The problem-solving assessment

problem solving

In a growing company, facing problems that have never been solved before is the norm. This is why problem-solving skills are crucial for almost all roles at scale-ups, even those normally seen as purely technical, from lawyers to data analysts.

This is the highest-signal interview in the process, and when done right, separates average candidates from the brightest problem solvers.

How the interview works

The interview is based on a real business problem that the candidate is expected to solve as independently as possible. The problem should include a 2-3-layer issue with multiple root causes. For example: “Conversion during onboarding has dropped.” A strong candidate will ask clarifying questions and uncover different drivers, like product issues (e.g. poor UX), operational bottlenecks (e.g. slow ID verification), and process gaps (e.g. no follow-up with drop-offs). They should structure the problem, prioritise root causes, and explain trade-offs clearly.

Great candidates will use quantitative reasoning to get to the bottom of the issue and will be able to identify the most impactful solutions. Average candidates will typically stay at the surface or jump to solutions without clarifying the goal or logic.

ps - what to look for

Example: A process is too slow. A strong candidate won’t just suggest process optimisations, they will dig deeper and discover that slow hiring is the root cause.

The bar-raiser

bar raiser

Scale-ups thrive on the energy and determination of their teams. Not everyone who can do the job is worth hiring. This interview answers a harder question: Will this person raise the average bar of the team?

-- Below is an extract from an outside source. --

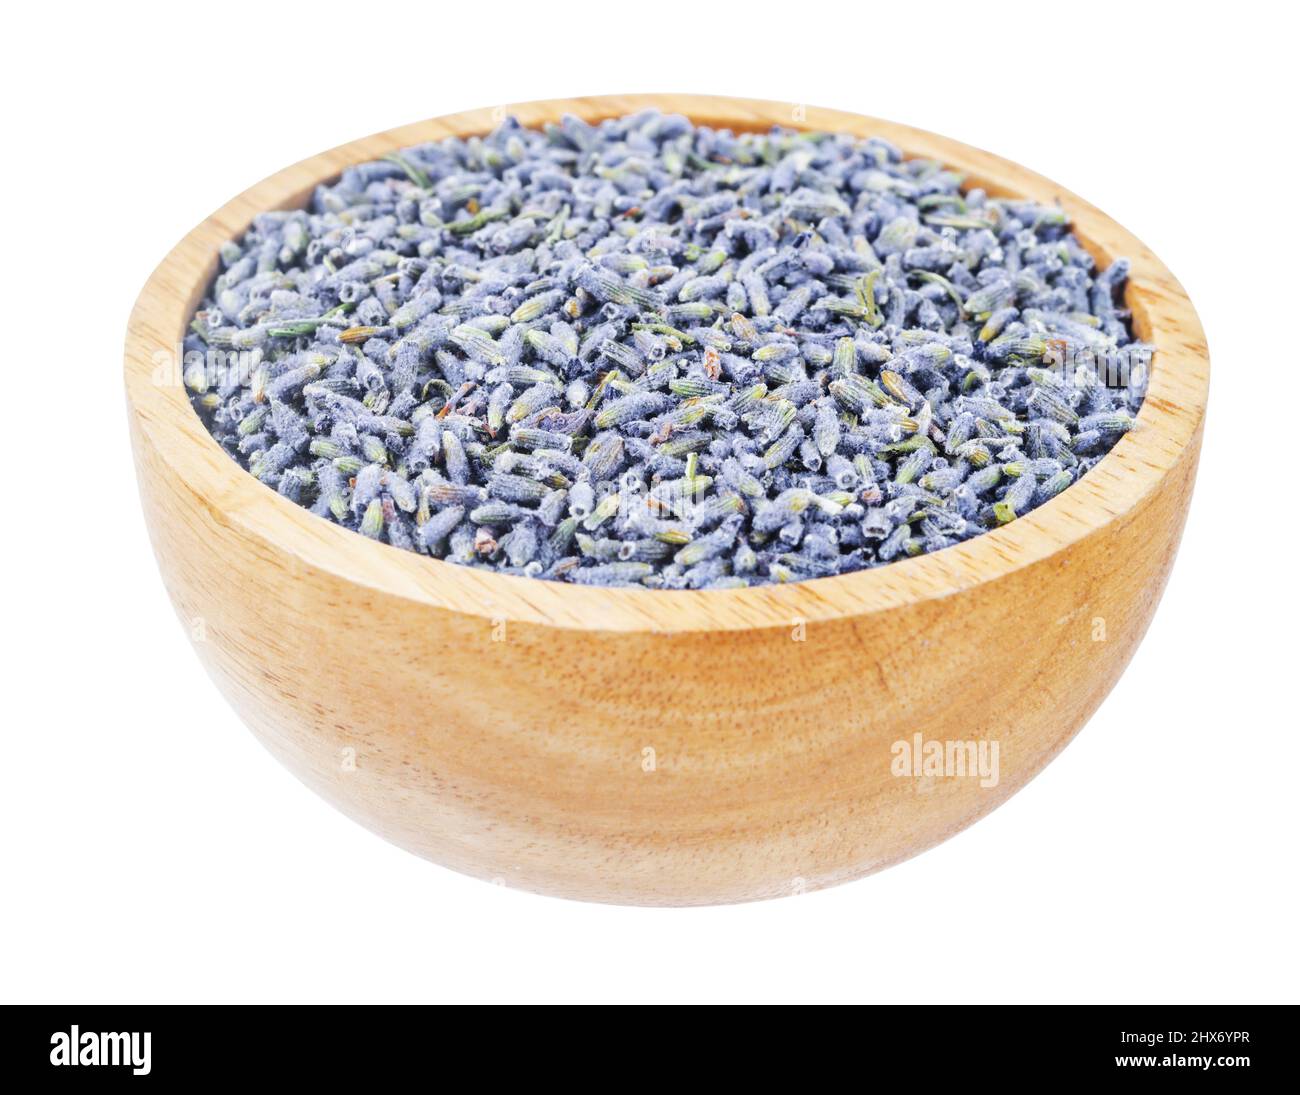 Dry lavender flowers in wooden bowl isolated on white background, Save clipping path. Stock Photo

Every person added to the team should be a force multiplier, not just another set of hands. You need to find people who are on a strong upward career trajectory and can create and achieve things that have never been done before.

How the interview works

This should be a deep-dive conversation to understand the candidate’s career trajectory, achievements, and weaknesses or mistakes. They key to this interview is to not settle for superficial or rehearsed answers - push forward to assess real impact and work ethic. Look for honesty, fast pace and ownership.

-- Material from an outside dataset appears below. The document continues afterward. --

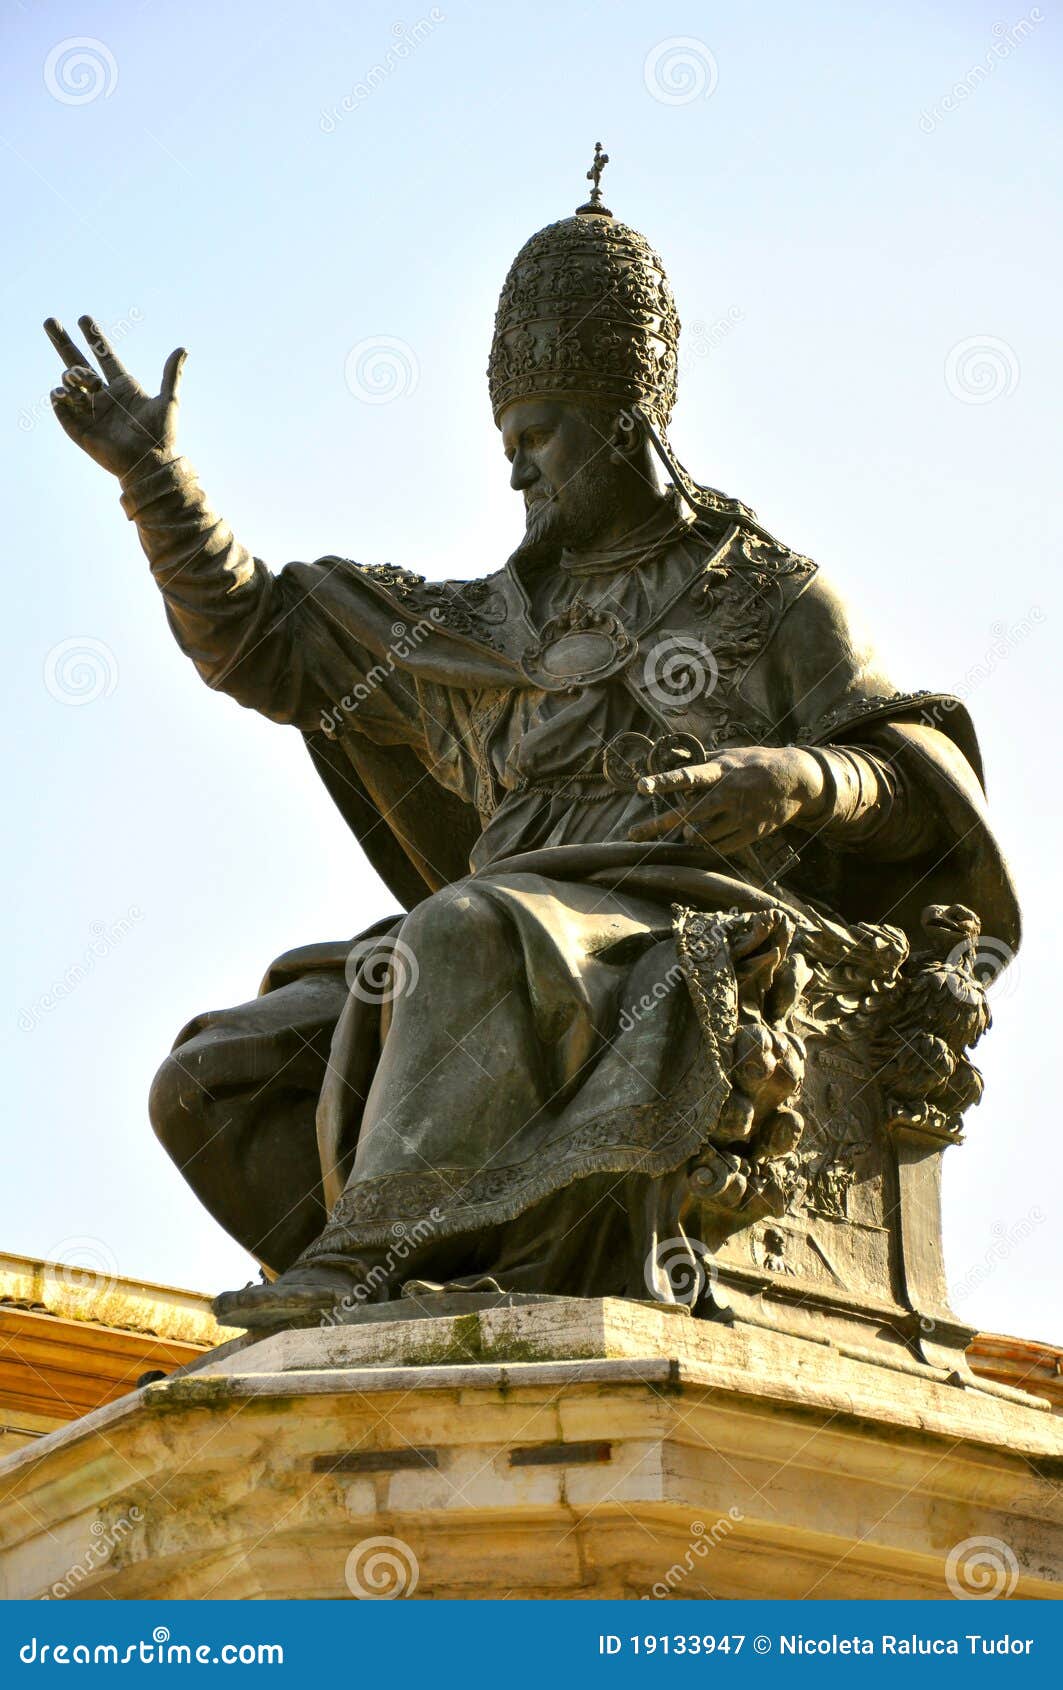 statue of pope v in italy

This interview is also an opportunity to assess cultural alignment. Look for specific behaviours and examples that show how the candidate operates - and whether that matches your company’s values and ways of working.

Example: A strong candidate won’t just say they “led a project” - they’ll explain how they improved a process by 30%, won internal buy-in, and scaled the solution across teams.

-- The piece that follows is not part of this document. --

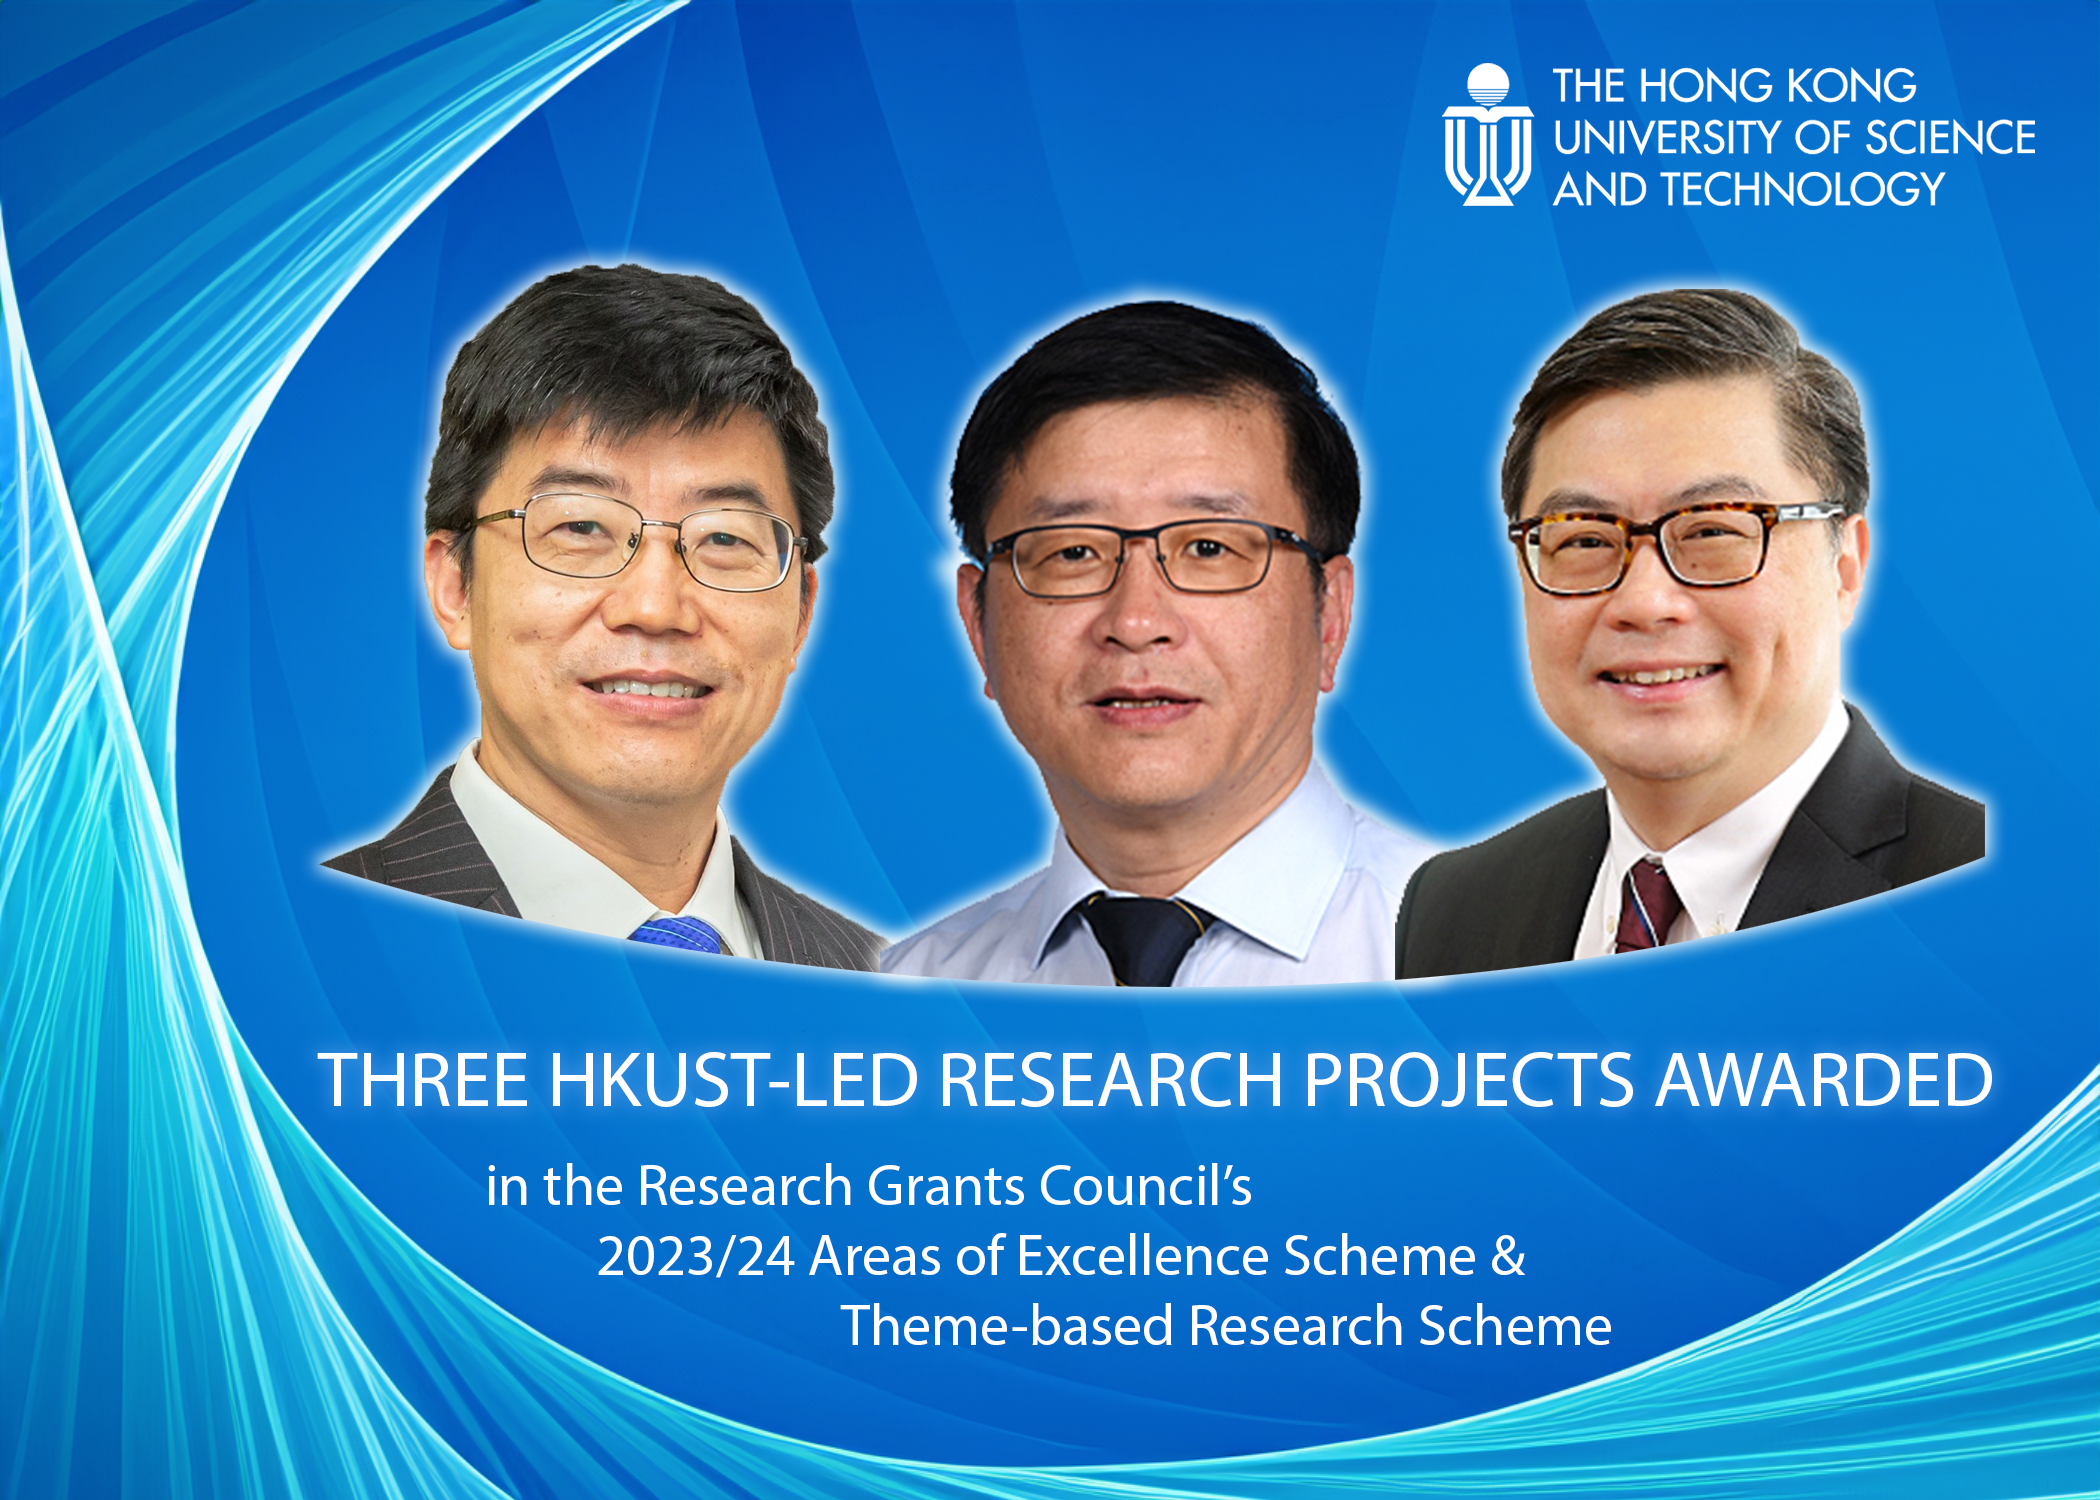 HKUST Tops in Areas of Excellence and Theme-based Research Schemes 2023/24 Funding

The people management & hiring assessment

people mgmt

Bringing in and developing the right team of people is a skill on its own, but not everyone possesses it. This becomes increasingly relevant as the company grows, and the decision on who gets hired will no longer always pass through the founding team. Candidates who will manage a team must take a case-study-based interview assessing their people management and hiring skills.

This interview is used for any role where people management and hiring are part of the job. It should be treated as a core skills interview, not an optional add-on, and be evaluated as rigorously as any technical capability.

How the interview works

The interview is broken down into two parts with different formats:

  1. People management case study - A case study where the candidate must assess a realistic team challenge and propose solutions

  2. Hiring experience assessment - A hiring experience deep dive to assess candidates' ability to evaluate and select top talent

Example: A strong candidate won’t just say they “hired a team” - they’ll explain how they structured the hiring process, identified high-performers, and ensured retention through career development.